From Director of Latino Leadership and Engagement at Planned Parenthood Federation of America, Zipatly V. Mendoza:
“No one’s health, safety or rights should be compromised by their immigration status. Even before the Supreme Court ruled to overturn Roe v Wade, immigrant women and their families faced additional barriers to healthcare including access to abortion, and many were afraid to even seek care that they needed because of their immigration status. People of color who are immigrants face even more barriers as they navigate racism and inequities in the health system.”
“Because of abortion bans and restrictions, people across the country are increasingly being forced to travel across states in order to get the care that they need. Of course, this has a disproportionate impact on people with low incomes, people living in rural communities, LGBTQ people and undocumented immigrants. For many reasons that have already been mentioned, undocumented folks might need to go through immigration checkpoints where they are interacting with ICE and risk deportation to get that basic and time-sensitive health care they want and deserve. So let me make it clear — abortion is health care, and everyone, no matter their income, immigration status or zip code, should be able to access care that they deserve without fear and obstacles.”

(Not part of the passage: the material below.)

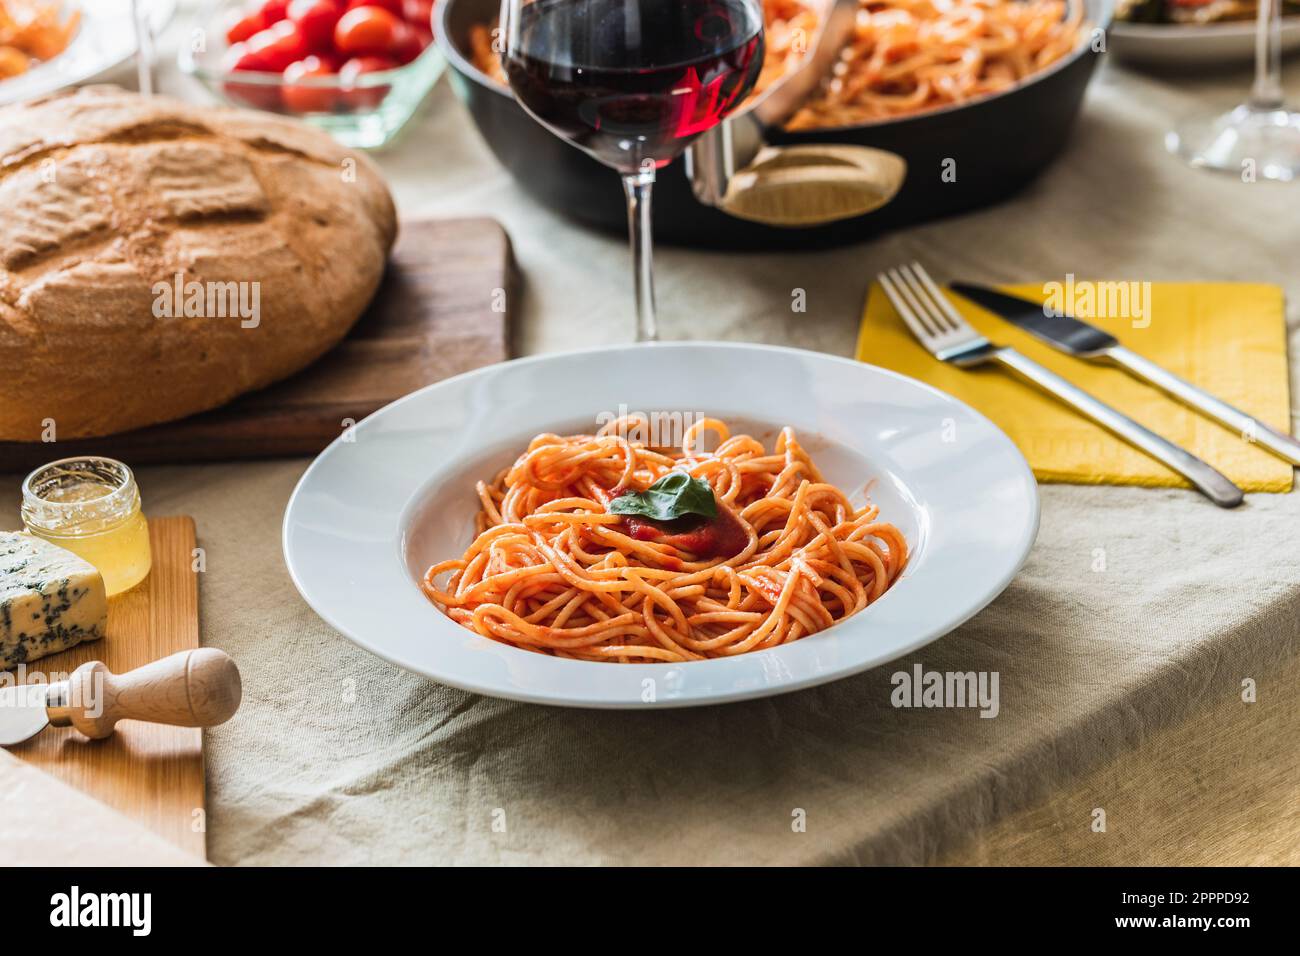 Table setting with selective focus on a plate of spaghetti with tomato sauce. Bread, cutlery and glass of red wine in the background Stock Photo

From Florida State Policy Director of National Latina Institute for Reproductive Justice, Aurelie Colon Larrauri:
“These acts of intolerance and stigma put Latinas in danger of imprisonment for doing what they deem right with their own bodies… These anti-immigrant and migrant policies are very much intertwined with this country’s racist history of controlling the bodies and reproductive agencies of people of color… Forced sterilizations sanctioned by the U.S. government are not new, it has been used as a way to control ‘undesirable’ populations for hundreds of years and targets Black, Latinx, indigenous, Asian and Pacific Islanders, folks with mental health issues and disabilities, and folks who are incarcerated. We know that the courts will not save us and we know that the government will not save us. We know that Roe is the floor, not the ceiling, and while we’re focusing on abortion restrictions — we must remember white people with financial means will always have access to abortion care.”
From AVOW Texas Organizing Manager, Jessica Pires-Jancose:
“There is nothing moral about abortion bans. The ideology behind abortion bans is about power and control, and that’s the same ideology behind Abbott’s abhorrent decision to criticize baby formula going to children at our border. These policies are about the power and control to decide who can access what care, who gets dignity and who gets to thrive. All people who choose to have abortions and all people who choose to parent deserve the respect, access and resources to make those decisions. Abortion is common, it’s normal and it’s a reality of our lives. Everyone knows someone who’s had an abortion, and people who need abortions are worthy of love, dignity and respect.”